The public dashboard is not meant to be the entire monitoring system. It is the publication surface: the part that shows reviewed, public-safe information. Private review surfaces, local databases, field notes, and future sensor telemetry should remain behind review boundaries until they are ready for public release.

This architecture reflects several priorities:

- resilience during outages
- reduced dependency on cloud services
- clear separation between raw, reviewed, and public data
- low-cost static publishing
- future compatibility with local environmental monitoring devices
- explicit boundaries around AI and forecasting features

---

## Public-Health and Governance Boundaries

Because harmful algal bloom information can influence public behavior, Clear Lake Watch is intentionally conservative in its language.

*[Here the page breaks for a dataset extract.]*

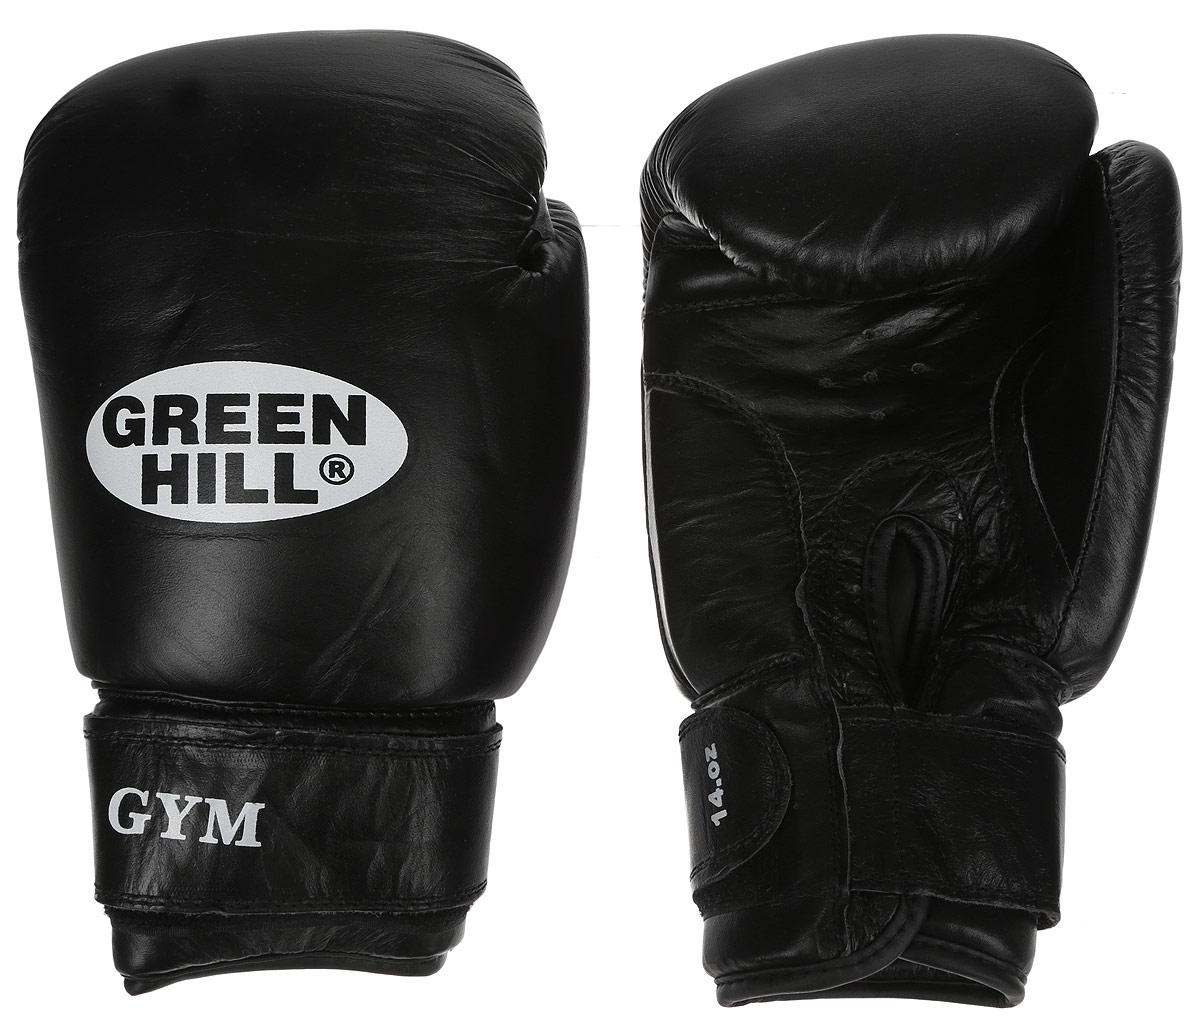 Перчатки боксерские Green Hill Gym, цвет: черный, белый. Вес 14 унцийAIRWHEEL Q3-340WH-BLACKБоксерские перчатки Green Hill Gym подходят для всех видов единоборств где применяют перчатки. Подойдет как для бокса, так и для кикбоксинга. Новички и профессионалы высоко ценят эту модель за универсальность. Верхняя часть перчатки выполнена из натуральной кожи, наполнитель - пенополиуретан. Перфорированная поверхность в области ладони позволяет создать максимально комфортный терморежим во время занятий. Закрепляется на руке при помощи липучки.

The dashboard does **not**:

- issue official advisories
- certify water safety
- replace local, state, federal, or Tribal guidance
- publish unreviewed field observations directly
- present experimental forecasts as current conditions
- treat report counts as direct bloom-severity estimates

This is especially important because reporting patterns can reflect monitoring intensity, public attention, and source availability — not just environmental conditions.

Future field observations, microscopy records, or community-science submissions should include explicit permission, reviewer traceability, location precision, taxonomic confidence, and publication decisions before appearing in public dashboard outputs.

---

## Ethical and Accessibility Considerations

Clear Lake Watch is designed around responsible environmental communication. Key ethical considerations include:

- **Do not bypass official public-health guidance**
- **Do not overstate provisional or heuristic assignments**
- **Do not publish private reviewer notes or unreviewed field records**
- **Respect Tribal data sovereignty and local governance relationships**
- **Keep experimental AI and forecasting clearly separated from observed data**
- **Use accessibility features so the dashboard is not only useful to sighted users**

Accessibility features and design considerations include:

- skip links
- semantic regions
- screen-reader summary text
- keyboard-focus styling
- responsive layout
- high-contrast dark and light modes
- text caveats alongside visual charts and maps

---

## Technical Stack

**Frontend:** HTML, CSS, JavaScript
**Deployment model:** Static public dashboard / GitHub Pages-compatible
**Data format:** Local JSON exports
**Mapping approach:** SVG map layer with public shoreline geometry and source-attributed markers
**Architecture pattern:** Local-first data generation with reviewed public export boundary
**Future integration targets:** weather telemetry, field observations, microscopy records, edge devices, local AI-assisted review workflows

---

## Challenges and Tradeoffs

### Challenge 1: Public usefulness vs. public-health risk

A dashboard can make information easier to access, but it can also create false confidence if users interpret it as official safety guidance. Clear Lake Watch addresses this by using disclaimers, methodology notes, signal labels, and conservative public-facing language.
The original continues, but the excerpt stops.